Rudy Giuliani reveals he is the target of an investigation into Trump’s alleged election interference in Georgia

WASHINGTON – Rudy Giuliani is a “target” of criminal investigation Possible 2020 election interference East in Georgia. By President Donald Trump and others, his attorney told NBC News.

The attorney, Robert Costello, said that as part of their efforts to coerce Giuliani’s testimony, Georgia prosecutors initially told New York courts that Giuliani was a physical witness. But Costello said Giuliani’s lawyers were informed on Monday that he is a “target” of the investigation.

Giuliani, Trump’s former personal lawyer and former New York City mayor, was ordered to testify in person before a grand jury handling the case on Wednesday last week.

The grand jury, convened by Fulton County District Attorney Fani Willis, summons issued Giuliani as a physical witness as part of his investigation in July.coordinated effort To illegally alter the outcome of the 2020 elections.” The summons said Giuliani made a statement at a legislative hearing in Georgia that there had been “extensive voter fraud” in the state.

Giuliani was ordered to testify by a judge after he failed to appear at a July 13 hearing to challenge the summons. Costello said Monday that Giuliani still intends to testify before a grand jury this week. new York Times It was first reported that Giuliani was informed that he was the target of the investigation.

Meanwhile, a federal judge on Monday dismissed Sen. Lindsey Graham’s attempt to cancel a summons asking for his testimony Georgia investigation.

US District Court Judge Leigh Martin May in Atlanta dismissed the 22-page order Graham’s argument Against testifying before a special grand jury, including his argument that the speech and debate clause of the Constitution protects South Carolina Republicans from testifying.

Graham’s lawyers had argued that Graham had a legislative purpose following the November 2020 election to Georgia Secretary of State Brad Riffensperger and was therefore covered by the clause.

The judge also rejected Graham’s argument that sovereign immunity protects him from testifying because he is a US senator.

“If the court were to accept Senator Graham’s sovereign immunity argument, it would mean that US senators would not be required to testify before a state grand jury,” May wrote. “The law would grant them complete immunity based solely on their status as federal officials.”
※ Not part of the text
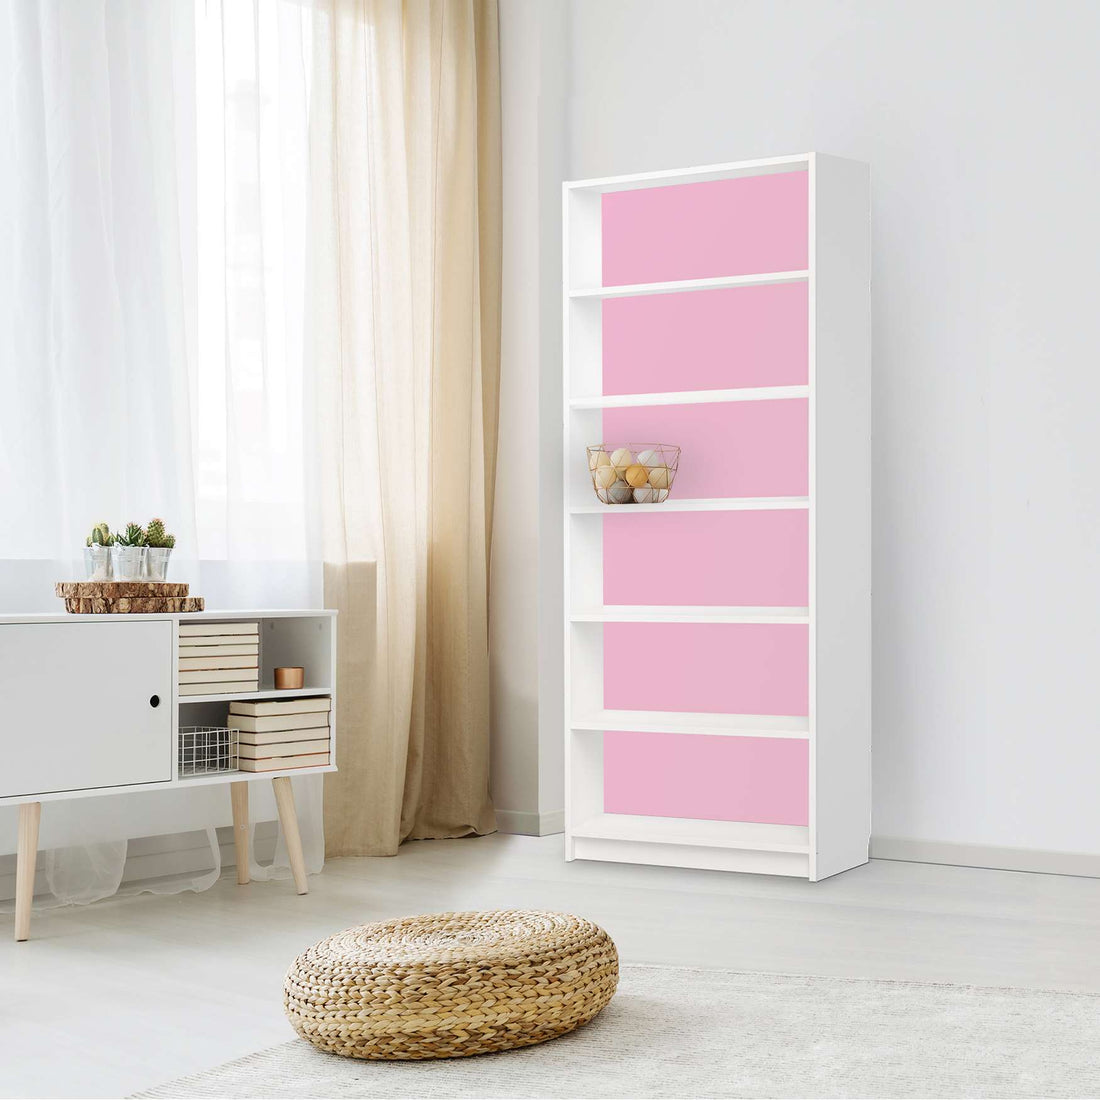 Klebefolie Pink Light - IKEA Billy Regal 6 Fächer - Wohnzimmer

In the end, the judge said that Graham’s argument for exemption from testimony because he is a high-ranking official also does not hold weight. Fulton County District Attorney Fannie Willis has shown “extraordinary circumstances” that necessitated the testimony of Graham, who “has unparalleled personal knowledge about the substance and circumstances of phone calls with Georgia election officials, as well as establishing them.” And so is the logistics of their actions. Later,” May said.

Senator Graham’s possible testimony on these issues—in addition to his knowledge of topics outside the call, such as his alleged coordination with the Trump campaign before and after the call—is unique to Senator Graham, and Senator Graham Haven’t suggested that anyone else in their office could talk about these issues or that they have unparalleled personal knowledge.”

Graham’s office issued a statement saying it would appeal the judge’s decision.

“The speech or debate clause of the Constitution prohibits a local official from questioning a senator as to how that senator did his job,” the statement said. “Here, Senator Graham was doing his due diligence before the Electoral Count Act certification vote—where he voted to certify the election. However the district court acknowledged that the speech or debate could protect some of Senator Graham’s activities. Yet, he ignored the constitutional text and binding Supreme Court precedent, so Senator Graham plans to appeal to the 11th Circuit.”

Willis is heeding Graham’s call to Raffensperger in the days following the November 2020 election. Raffensperger has said Graham pressed him About whether he had the power to reject certain absentee ballots, which Raiffensperger interpreted as suggesting to toss out legally cast votes.

The summons, seeking Graham’s testimony in the case, said he “made at least two telephone calls” to Raffensperger and his employees. “During a telephone call, [Graham] Asked Secretary Raffensperger and his staff about re-examining some absentee ballots cast in Georgia to rule out the possibility of a more favorable outcome for former President Donald Trump. [Graham] also made reference to allegations of widespread voter fraud in the November 2020 election in Georgia, which is consistent with public statements made by known aides of the Trump campaign,” the summons said.